» **About this task**
Quote every line of the data below as it stands, omitting pictures.

» **Data segment**
[Start of Attachment]

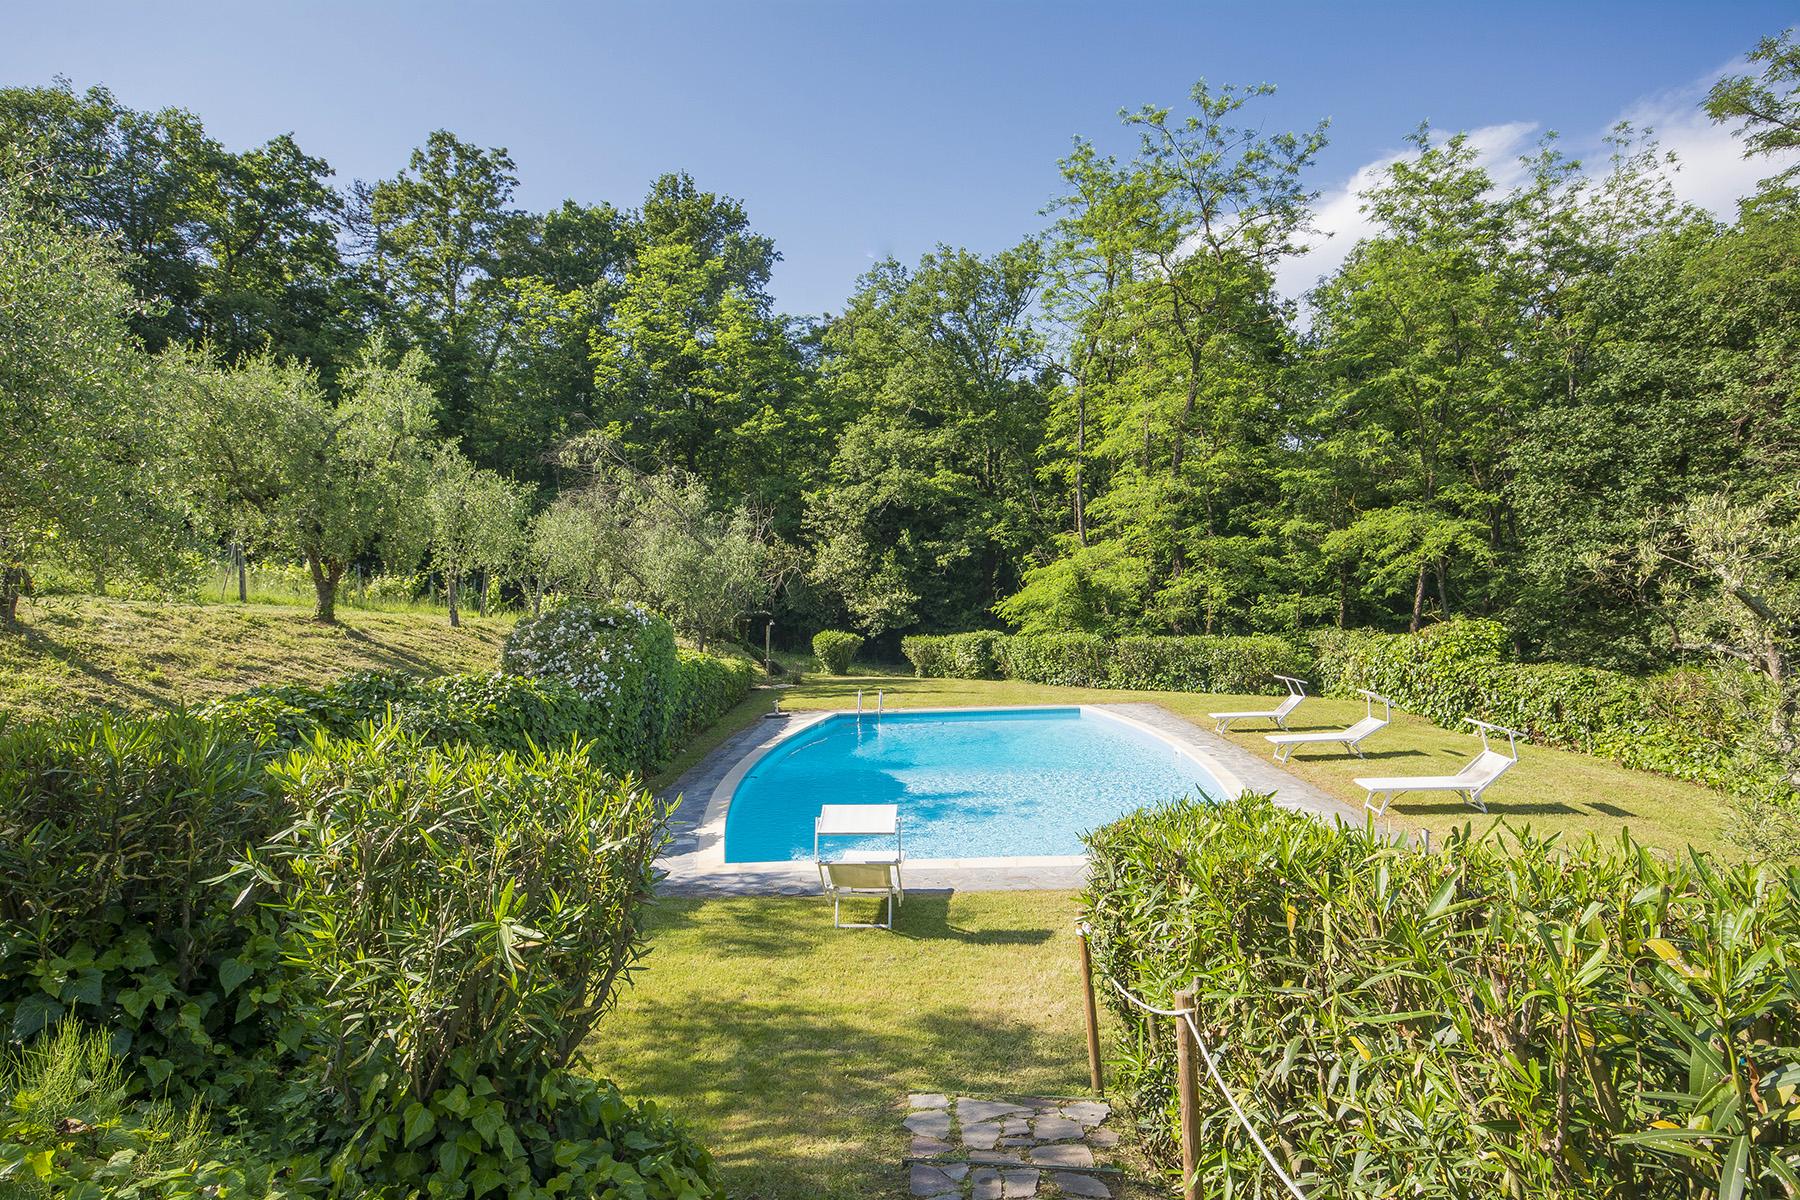 Villa in Vendita a Lucca: 5 locali, 600 mq - Foto 5
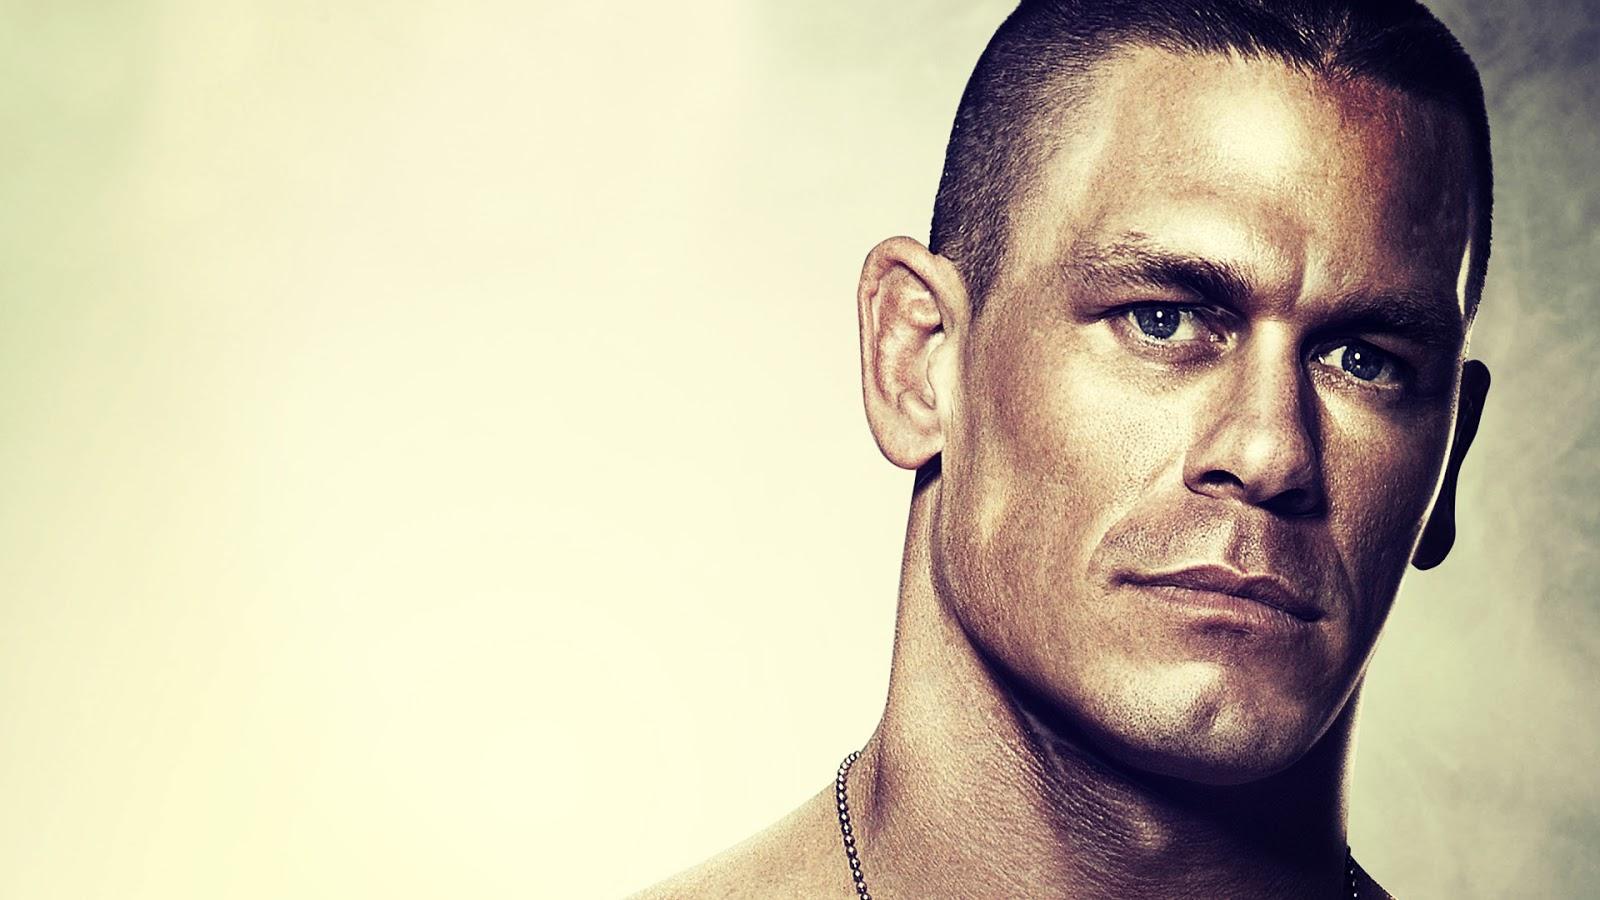 John Cena WWE Wallpaper HD 1080p
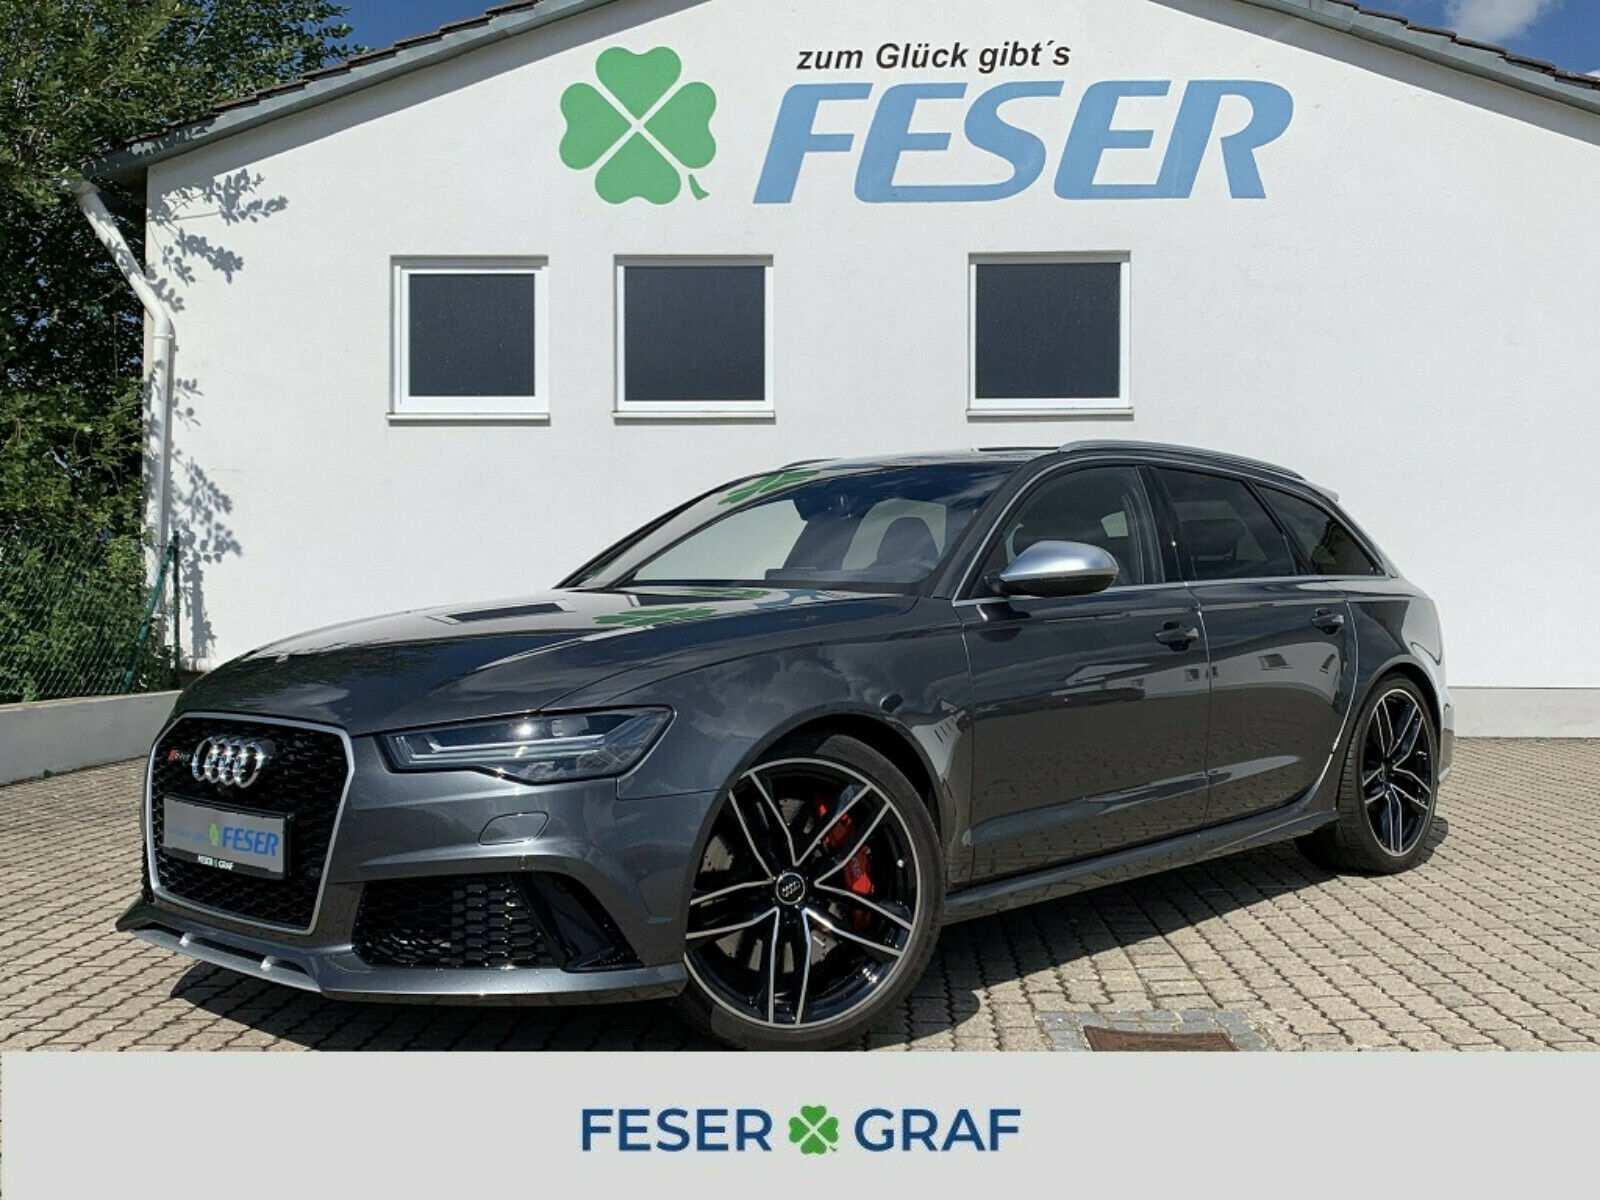 Audi RS6 Avant 4,0TFSI quattro BOSE/PANO/MATRIX/ABGAS, Jahr 2016, Benzin

[End of Attachment]

» **Answer to this exercise**
 Villa in Vendita a Lucca: 5 locali, 600 mq - Foto 5
 John Cena WWE Wallpaper HD 1080p
 Audi RS6 Avant 4,0TFSI quattro BOSE/PANO/MATRIX/ABGAS, Jahr 2016, Benzin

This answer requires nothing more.